Automatic Push PCAP

Requires FW:6979+

FMADIO Packet Capture systems provide a built in Push mode to transfer capture PCAP data on a regular schedule to a remote system. An example is pushing 1minute PCAPs to a remote NFS share or an S3 storage bucket.

Configuration is via configuration scripts located:

/opt/fmadio/etc/push_pcap.lua

If there is no such file above, please copy the basic example from the following location

/opt/fmadio/etc_ro/push_pcap.lua.basic

An example is shown as follows:

local Config = {}

Config.TimeoutRing      = 5*60e9
Config.Target           = {}

table.insert(Config.Target,
{
        Desc      = "Full",
        Mode      = "File",
        Path      = os.date("/mnt/remote0/pcap/%Y%m%d/all-"),
        Split     = "--split-time "..(60*60*1e9),
        SplitCmd  = "-Z fmadio",
        FileName  = "--filename-tstr-HHMMSS",
        FilterBPF = "",
        PipeCmd   = "zstd -c -T8",
        FileSuffix= ".pcap.zstd",
})

table.insert(Config.Target,
{
        Desc      = "tcp_192_168_1_0",
        Mode      = "File",
        Path      = os.date("/mnt/remote0/pcap/%Y%m%d/tcp_host-"),
        Split     = "--split-time "..(60*60*1e9),
        SplitCmd  = "-Z fmadio",
        FileName  = "--filename-tstr-HHMMSS",
        FilterBPF = "net 192.168.1.0/24",
        PipeCmd   = "zstd -c -T8",
        FileSuffix= ".pcap.zstd",
})

return Config

Multiple push targets can be specified, there is no real limit however throughput does get effected.

In the above example there are 2 push rules

A) Push all packet data (no filter)

This push target sends all PCAP data the remote NFS share mounted on

/mnt/remote0

See NFS mount configuration section for details on setting up /mnt/remote0 mounting points.

The sepcified is "FilterBPF=nil" meaning there is no filter, thus all traffic is pushed

B) Push all TCP data from network 192.168.1.0/24

The second example shows pushing all TCP data on the network 192.168.1.0/24 to the specified /mnt/remote0/push/ directory with a PCAP file prefix of "tcp_*"

Note FilterBPF=net 192.168.1.0/24 and tcp This applies a full BPF (Berkley Packet Filter https://en.wikipedia.org/wiki/Berkeley_Packet_Filter ) with the filter "tcp" on the packets before writing it to the location.

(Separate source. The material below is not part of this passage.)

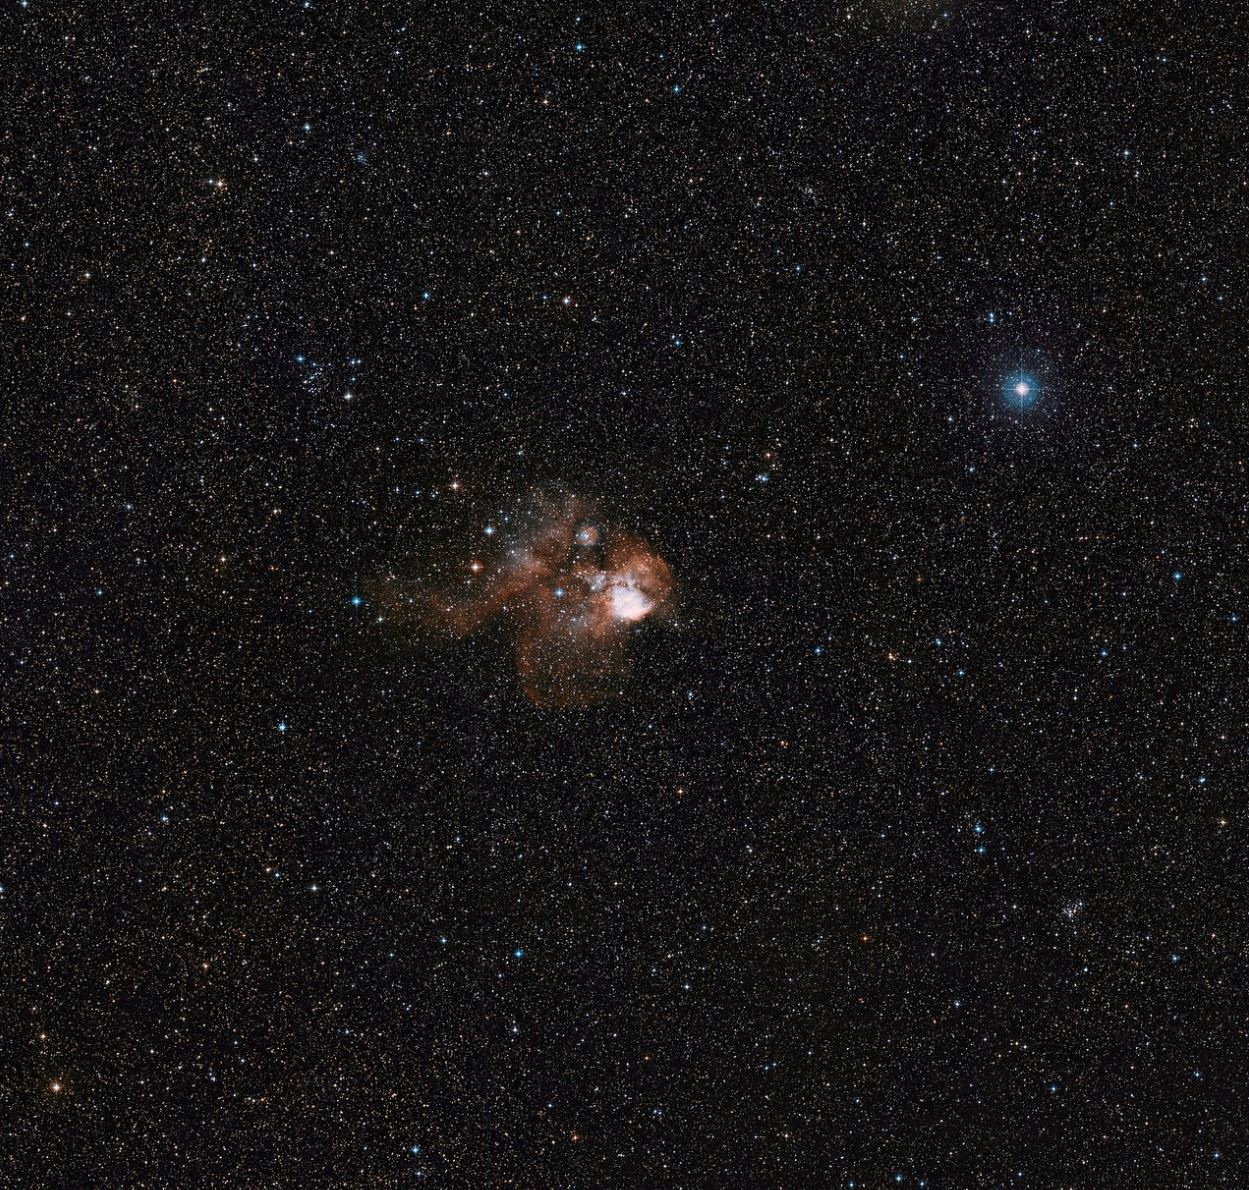 Image Credit: ESO/Digitized Sky Survey 2. Acknowledgment: Davide De Martin

This results in only TCP data written to the /mnt/remote0/push/tcp_*.pcap output files

Supported Endpoints

and many more, see the rclone documentation for full list of endpoints supported

https://rclone.org/docs/

Command Reference

Following is a description of each option for per push target.

Desc

Required

Provides a text human readable description for each push target. It is also used for for log file description

    Desc     = "pcap-all",

For example the above push logfiles will go to /mnt/store0/log/push_pcap-all_* this can be helpful for troubleshooting any problems

Mode

Default (FILE)

Specifies how the output files are written. Currently there are 2 modes, standard linux file "File" and rclone which provides multiple end points such as FTP, S3, Google Drive, Azure Cloud and many more.

    Mode      = "FILE",

Options

Path

Required

Full remote path of the target PCAPs + the leading prefix of the remote output.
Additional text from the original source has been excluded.